_WHAT TO WORK ON_
The result should be the listing below, restated exactly, with its pictures left out.

_SUPPLIED MATERIAL_
"""

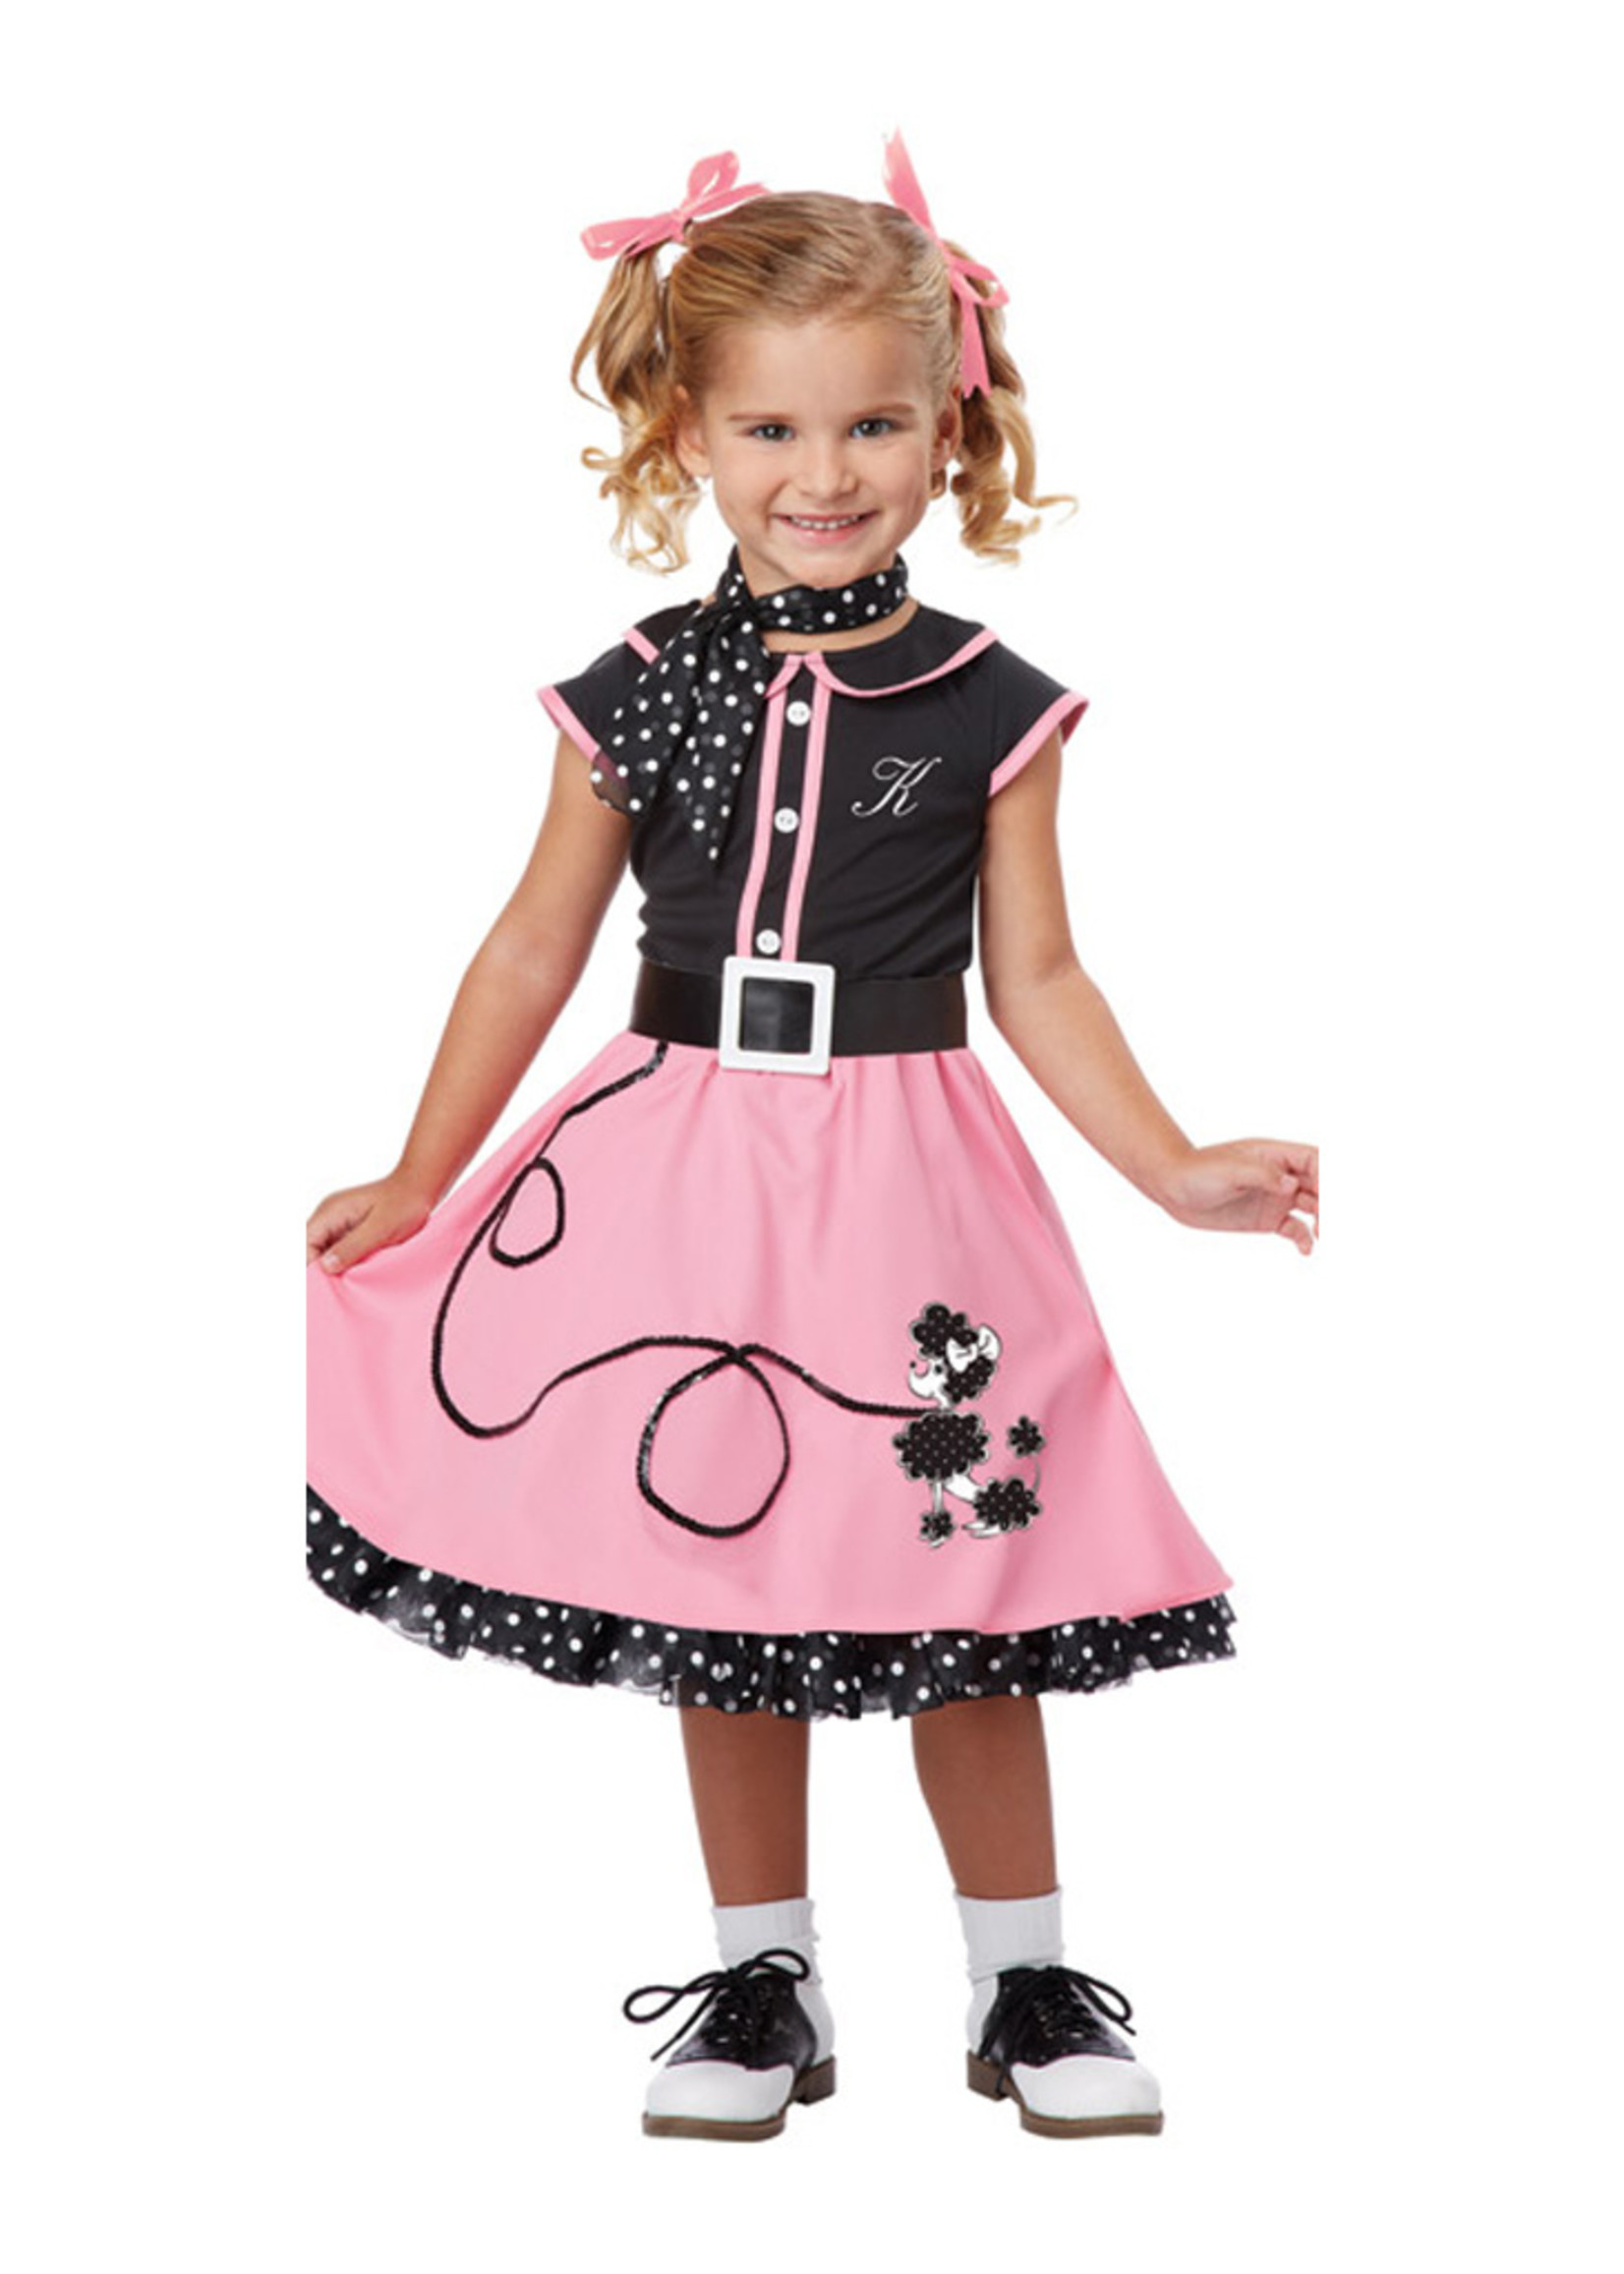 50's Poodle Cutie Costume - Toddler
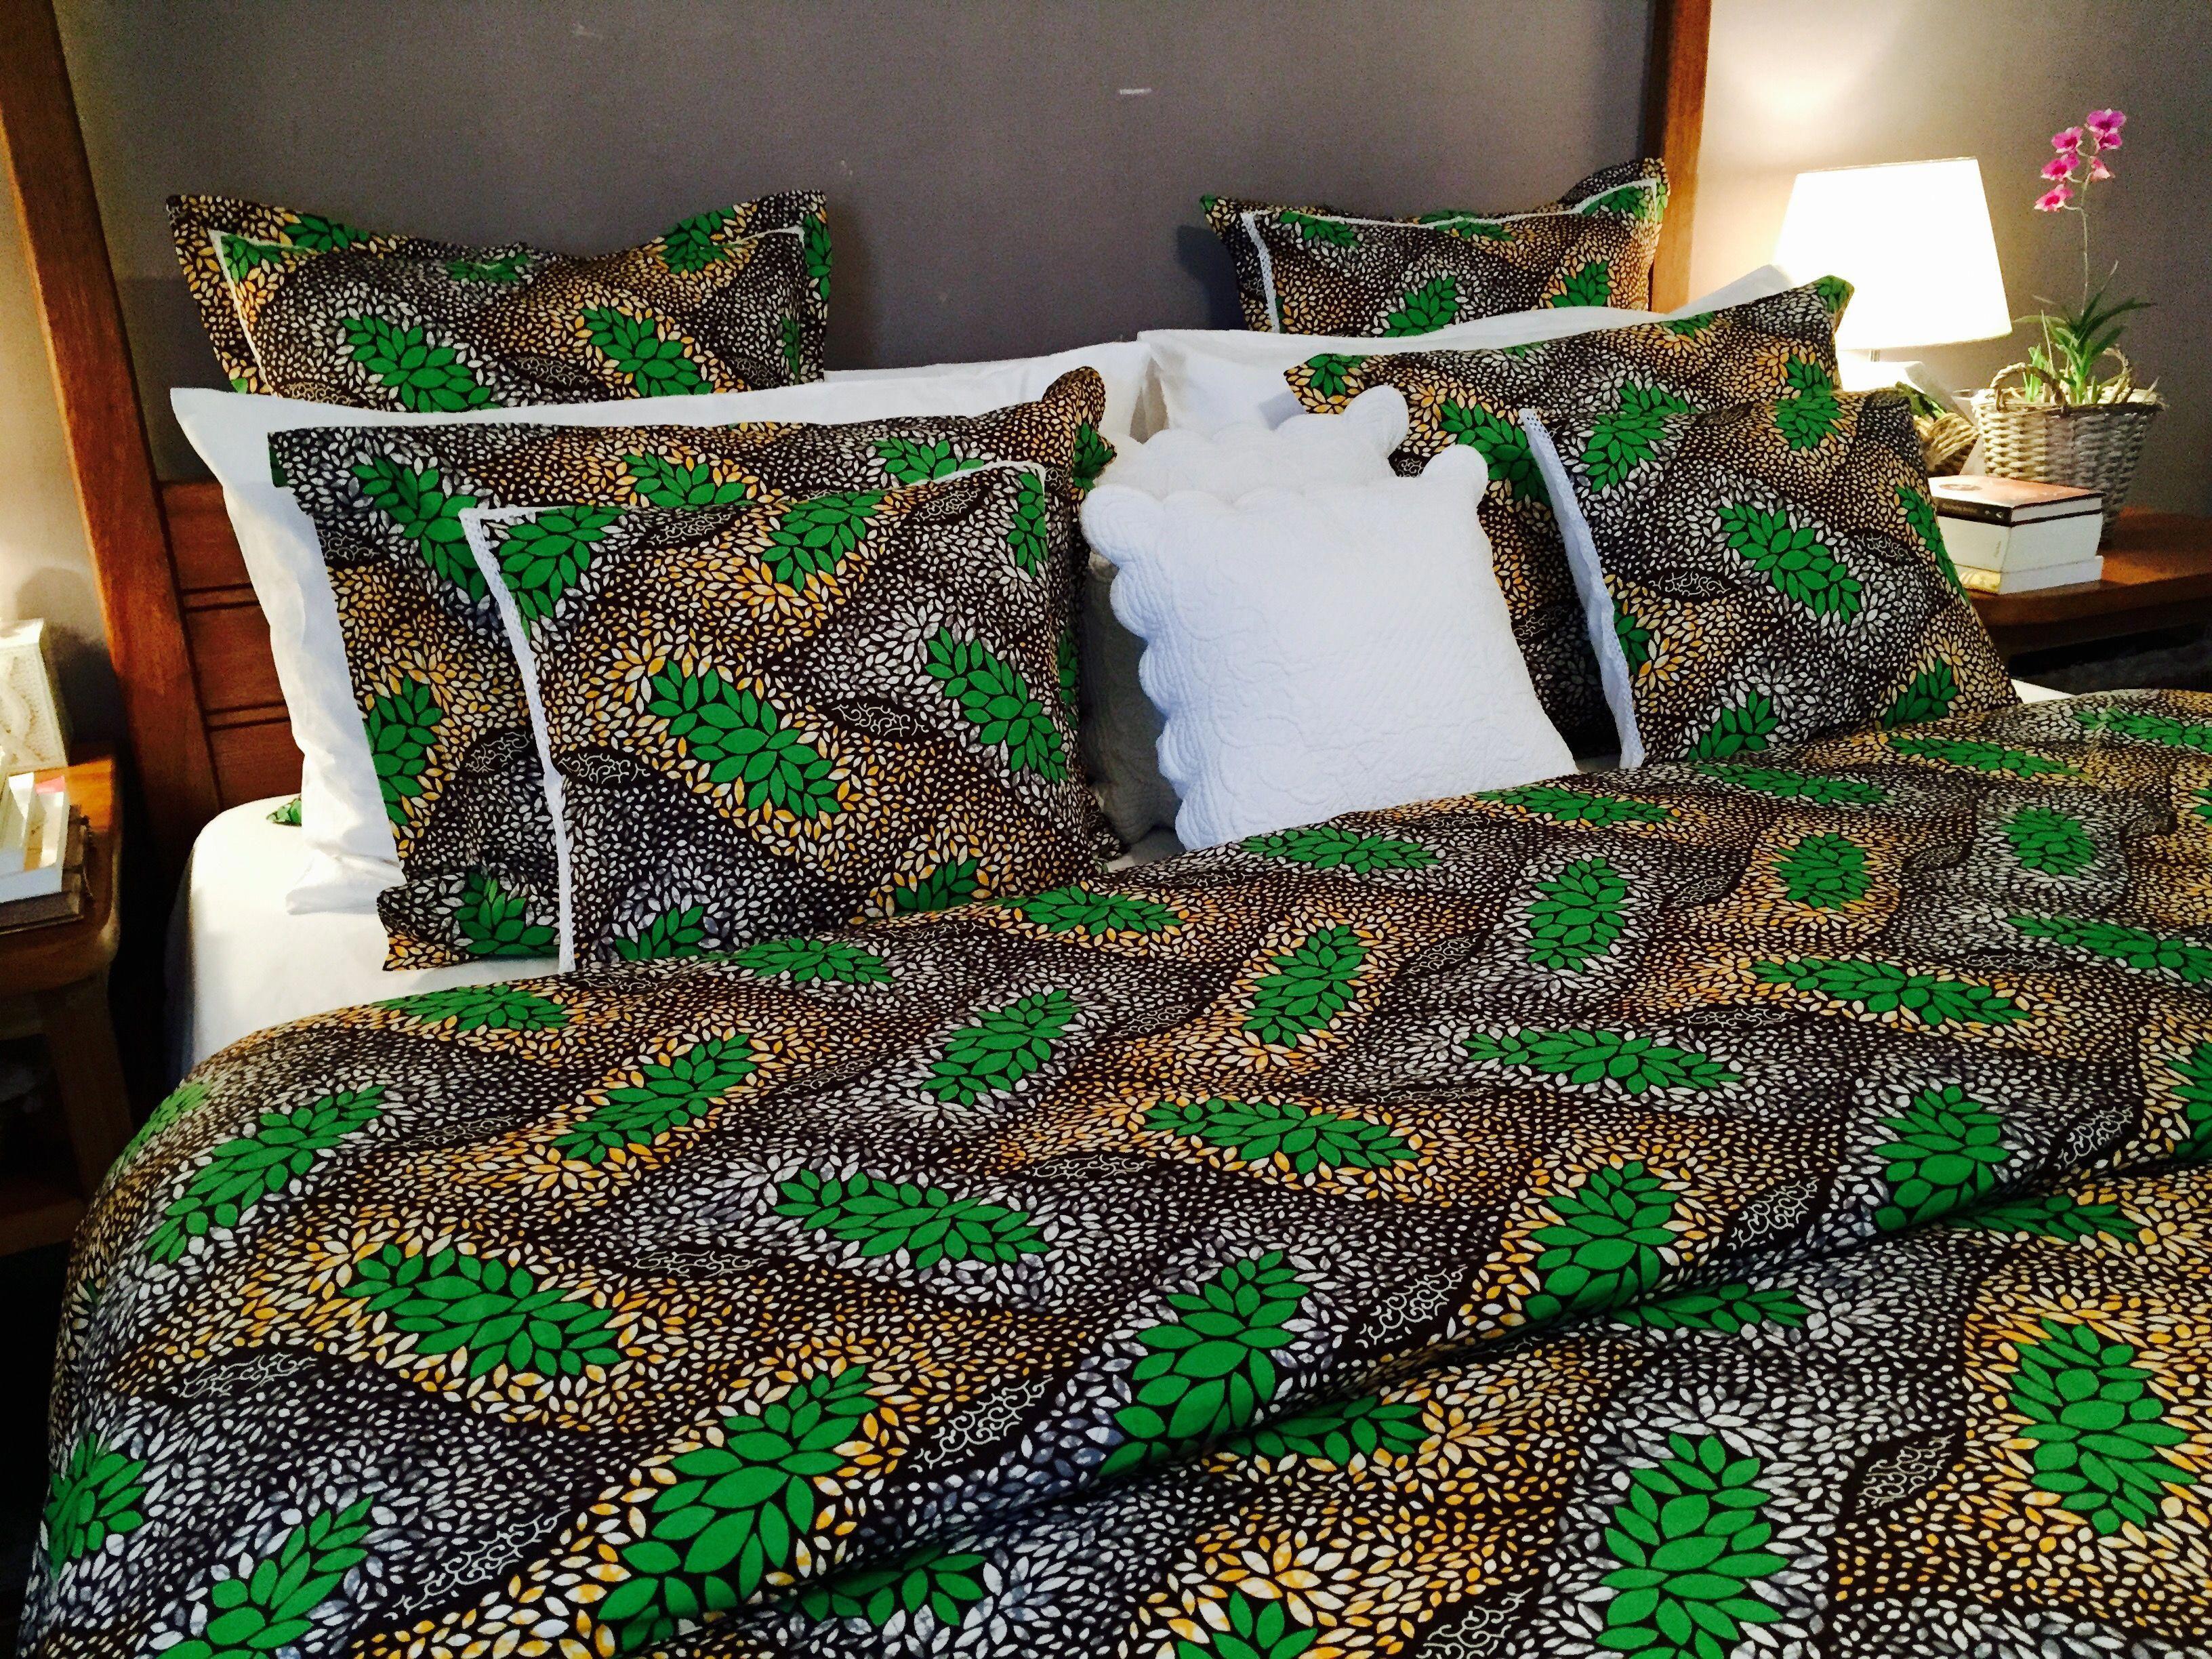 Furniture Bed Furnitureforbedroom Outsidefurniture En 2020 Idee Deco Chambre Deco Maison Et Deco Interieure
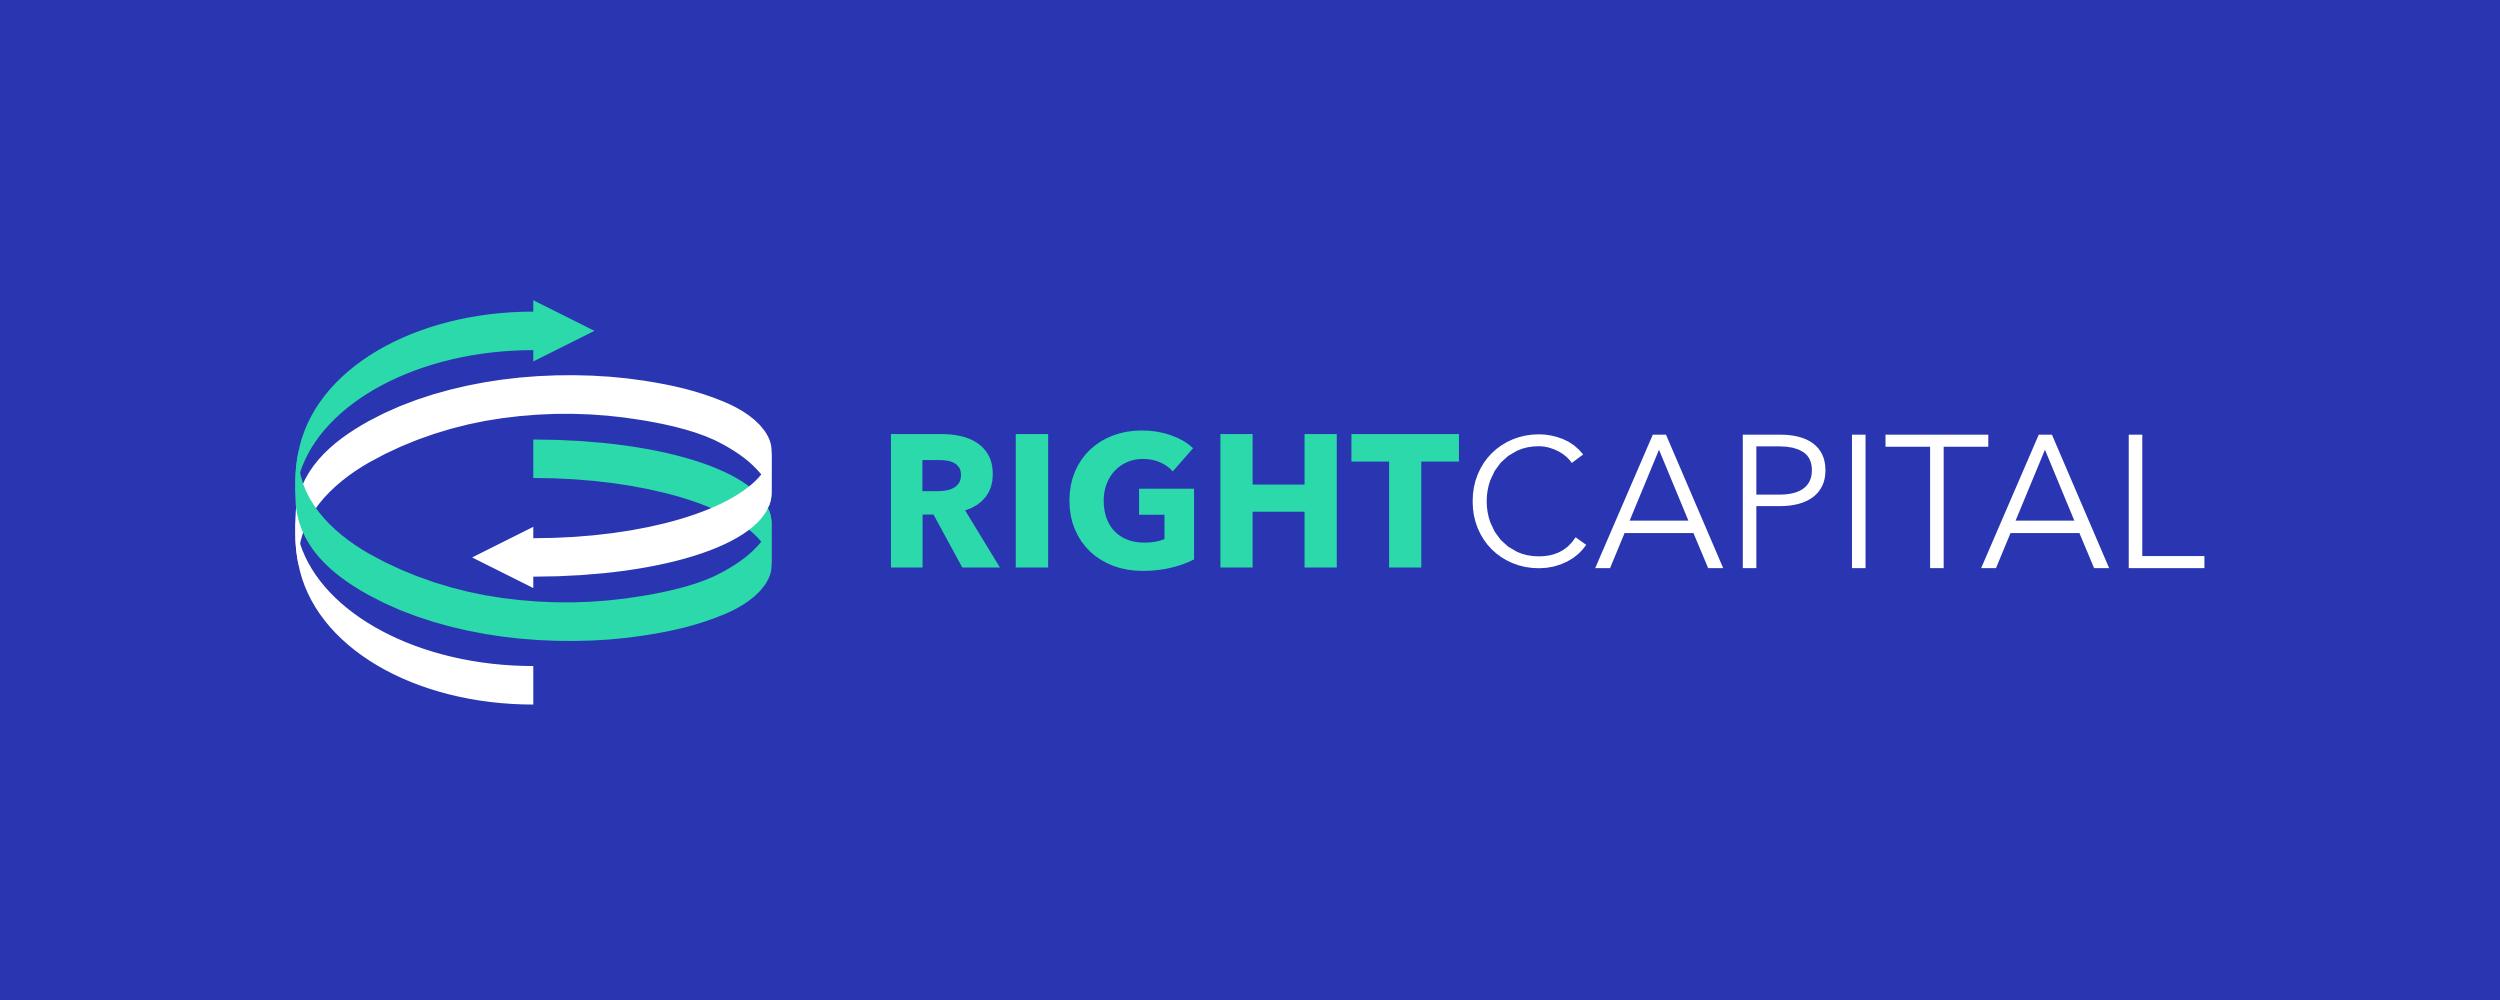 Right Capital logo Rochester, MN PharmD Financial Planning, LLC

"""

_FINISHED TASK_
 50's Poodle Cutie Costume - Toddler
 Furniture Bed Furnitureforbedroom Outsidefurniture En 2020 Idee Deco Chambre Deco Maison Et Deco Interieure
 Right Capital logo Rochester, MN PharmD Financial Planning, LLC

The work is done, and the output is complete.